Partitioning function for continuous sequences

There is a table of the following structure:
CREATE TABLE history
(
pk serial NOT NULL,
"from" integer NOT NULL,
"to" integer NOT NULL,
entity_key text NOT NULL,
data text NOT NULL,
CONSTRAINT history_pkey PRIMARY KEY (pk)
);
The pk is a primary key, from and to define a position in the sequence and the sequence itself for a given entity identified by entity_key. So the entity has one sequence of 2 rows in case if the first row has the from = 1; to = 2 and the second one has from = 2; to = 3. So the point here is that the to of the previous row matches the from of the next one.
The order to determine "next"/"previous" row is defined by pk which grows monotonously (since it's a SERIAL).

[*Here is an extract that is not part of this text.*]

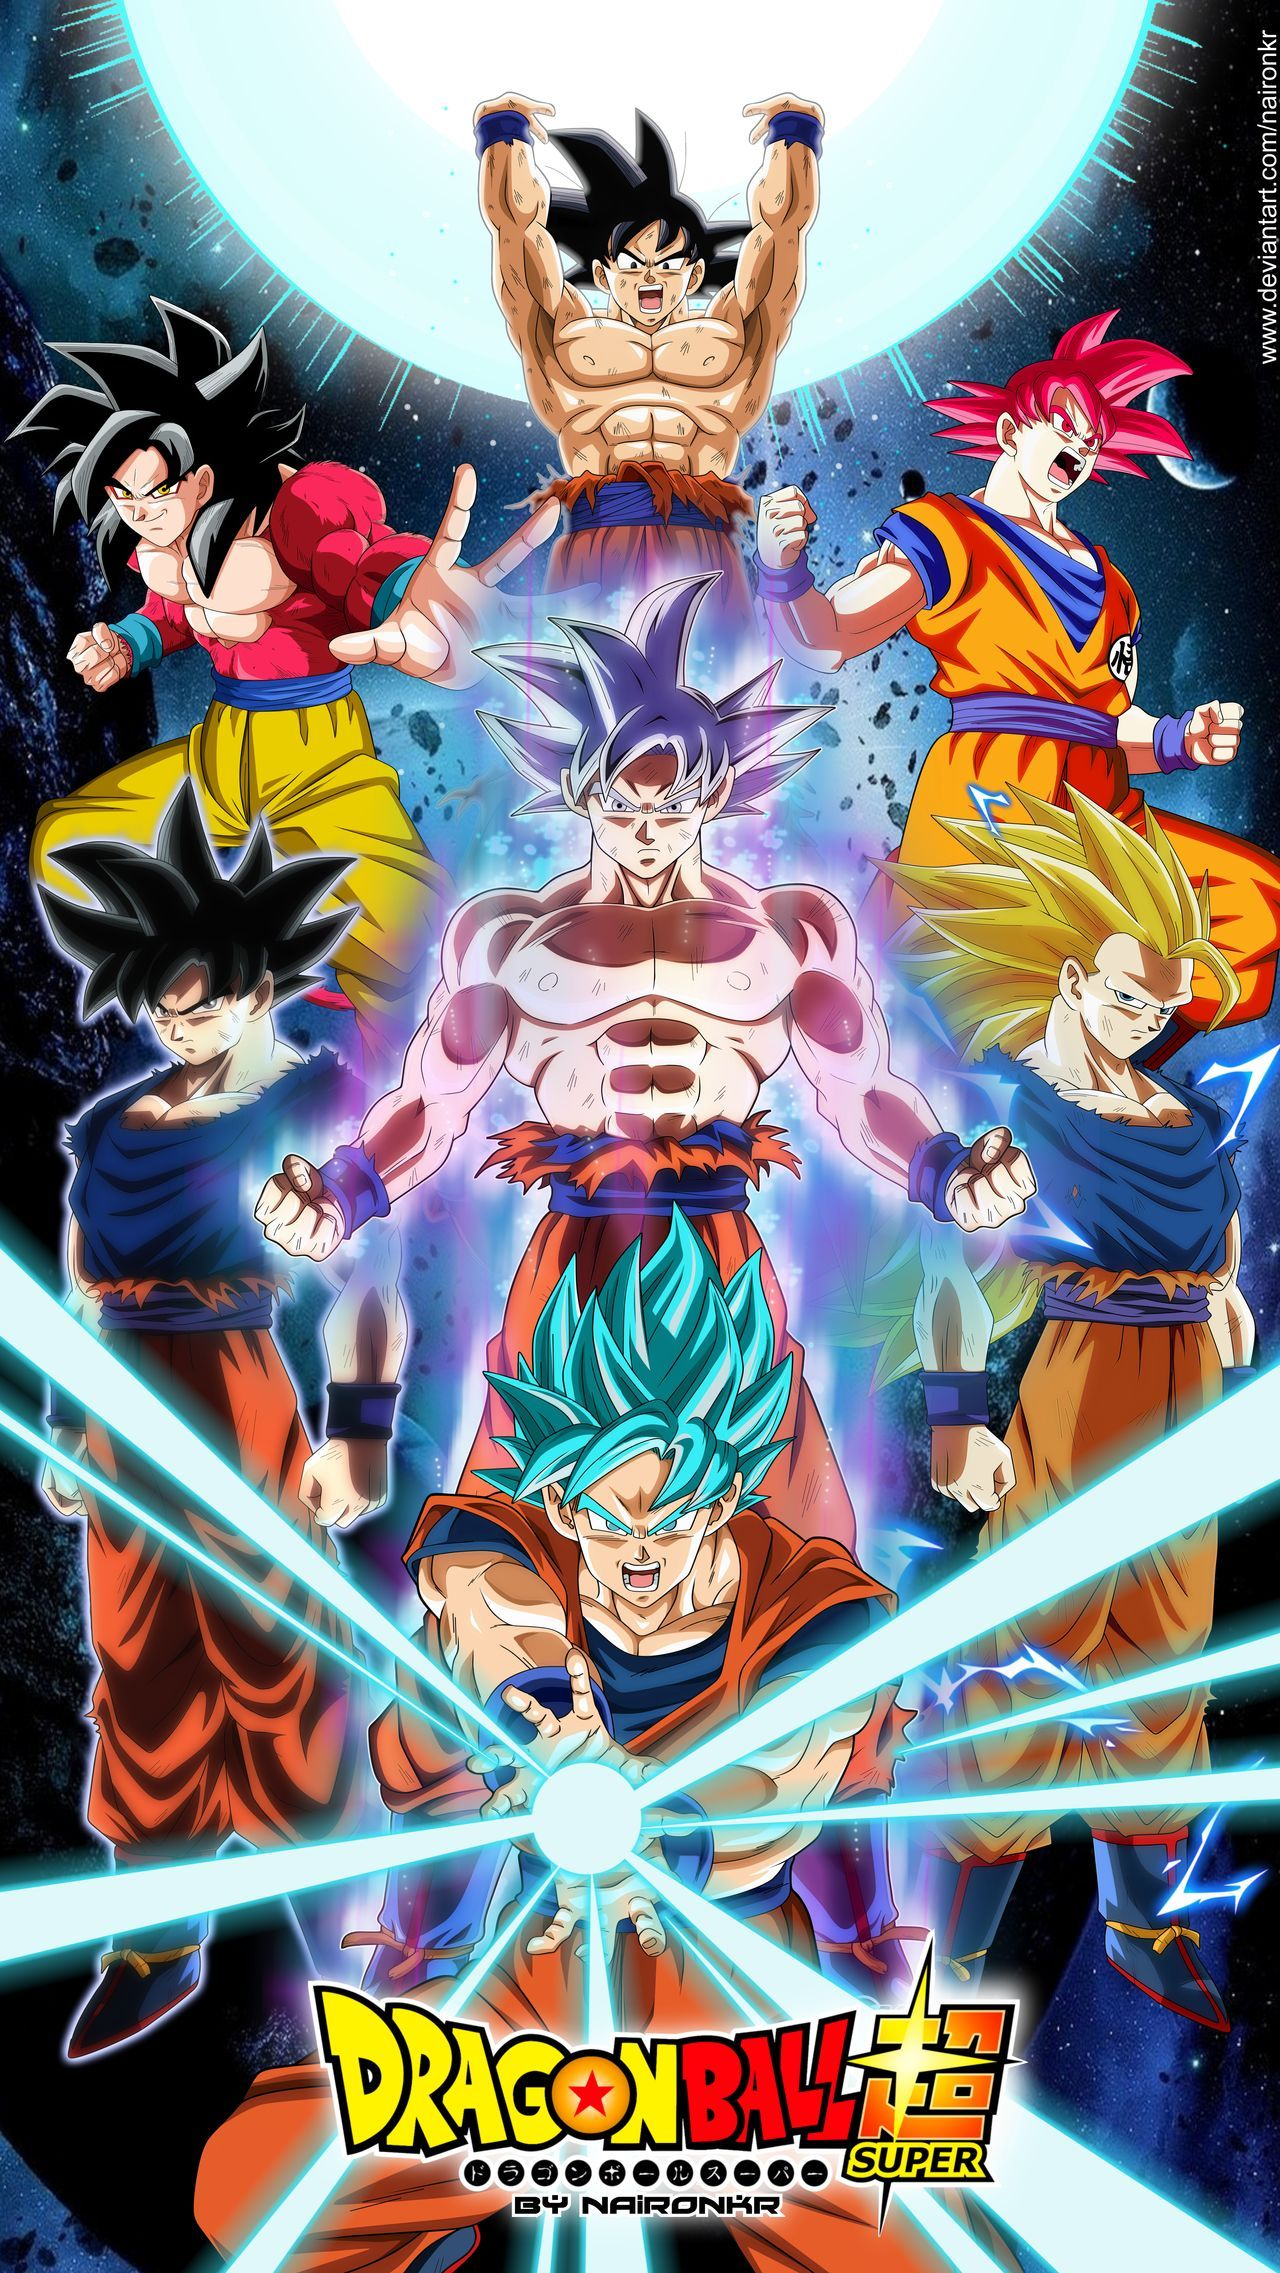 Goku Dragon Ball Super Dragon Ball Super Goku Dragon Ball Super Artwork Anime Dragon Ball Super

The sequence does not have to start with 1 and the to - from does not necessary 1 always. So it can be from = 1; to = 10. What matters is that the "next" row in the sequence matches the to exactly.
Sample dataset:
pk | from | to | entity_key | data
----+--------+------+--------------+-------
1 | 1 | 2 | 42 | foo
2 | 2 | 3 | 42 | bar
3 | 3 | 4 | 42 | baz
4 | 10 | 11 | 42 | another foo
5 | 11 | 12 | 42 | another baz
6 | 1 | 2 | 111 | one one one
7 | 2 | 3 | 111 | one one one two
8 | 3 | 4 | 111 | one one one three
And what I cannot realize is how to partition by "sequences" here so that I could apply window functions to the group that represents a single "sequence".
Let's say I want to use the row_number() function and would like to get the following result:
pk | row_number | entity_key
----+-------------+------------
1 | 1 | 42
2 | 2 | 42
3 | 3 | 42
4 | 1 | 42
5 | 2 | 42
6 | 1 | 111
7 | 2 | 111
8 | 3 | 111
For convenience I created an SQLFiddle with initial seed: http://sqlfiddle.com/#!15/e7c1c
PS: It's not the "give me the codez" question, I made my own research and I just out of ideas how to partition.

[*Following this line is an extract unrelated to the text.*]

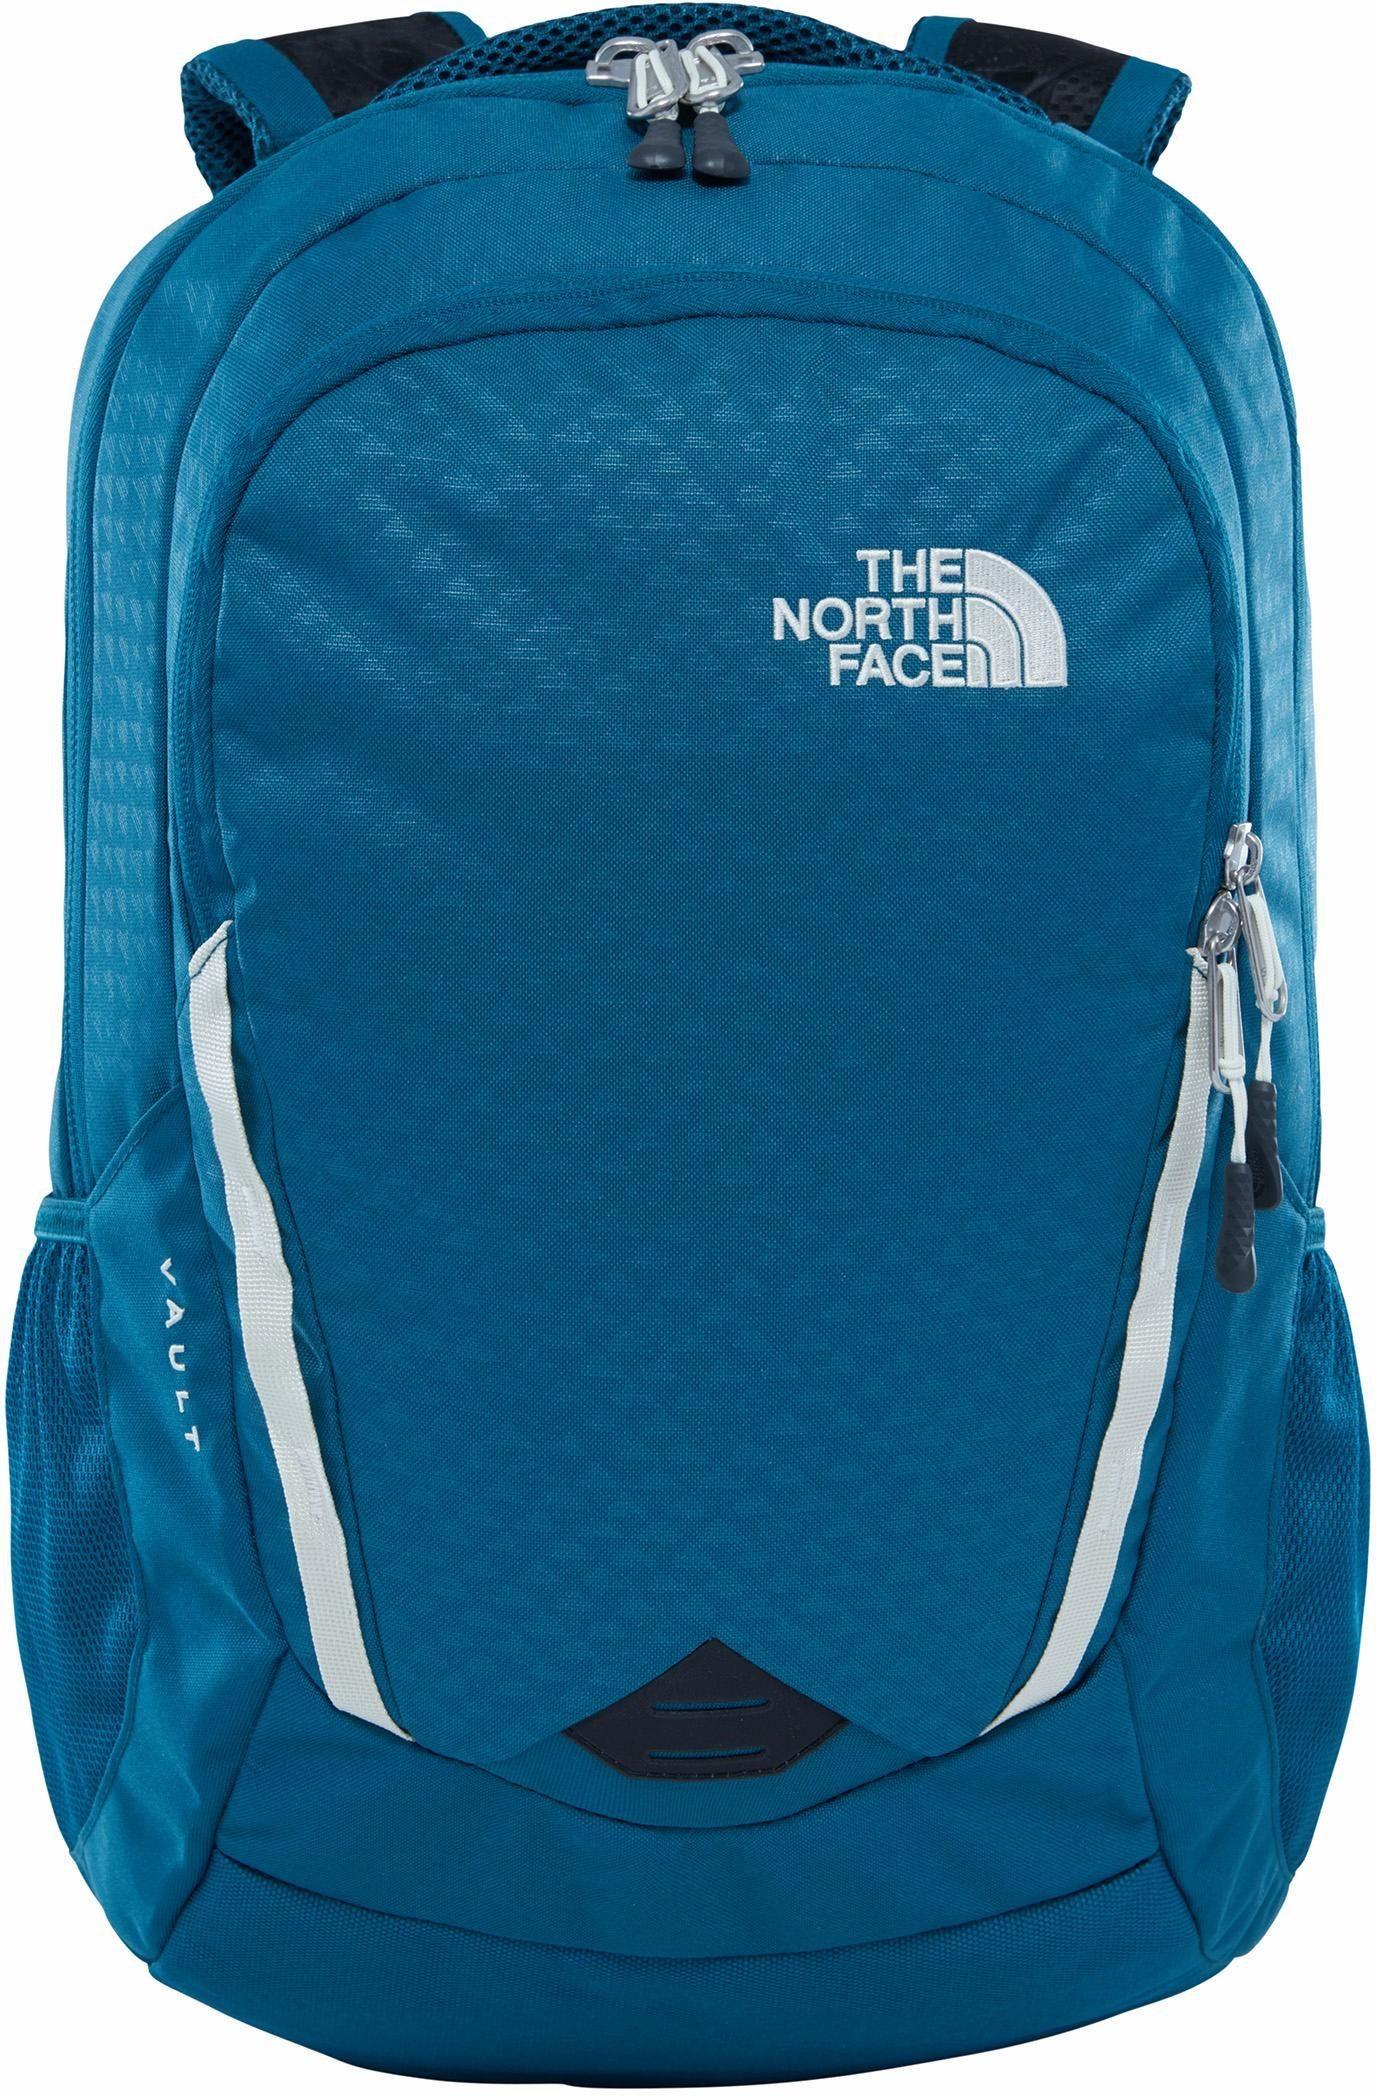 The North Face Rucksack mit 15-Zoll Laptopfach, »W Vault, Blue/White«

It's obvious that I need to LEFT JOIN with the next.from = curr.to, but then it's still not clear how to reset the partition on next.from IS NULL.
PS: It will be a 100 points bounty for the most elegant query that provides the requested result
PPS: the desired solution should be an SQL query not pgsql due to some other limitations that are out of scope of this question.
I don’t know if it counts as “elegant,” but I think this will do what you want:
with Lagged as (
select
pk,
case when lag("to",1) over (order by pk) is distinct from "from" then 1 else 0 end as starts,
entity_key
from history
), LaggedGroups as (
select
pk,
sum(starts) over (order by pk) as groups,
entity_key
from Lagged
)
select
pk,
row_number() over (
partition by groups
order by pk
) as "row_number",
entity_key
from LaggedGroups
Just for fun & completeness: a recursive solution to reconstruct the (doubly) linked lists of records. [ this will not be the fastest solution ]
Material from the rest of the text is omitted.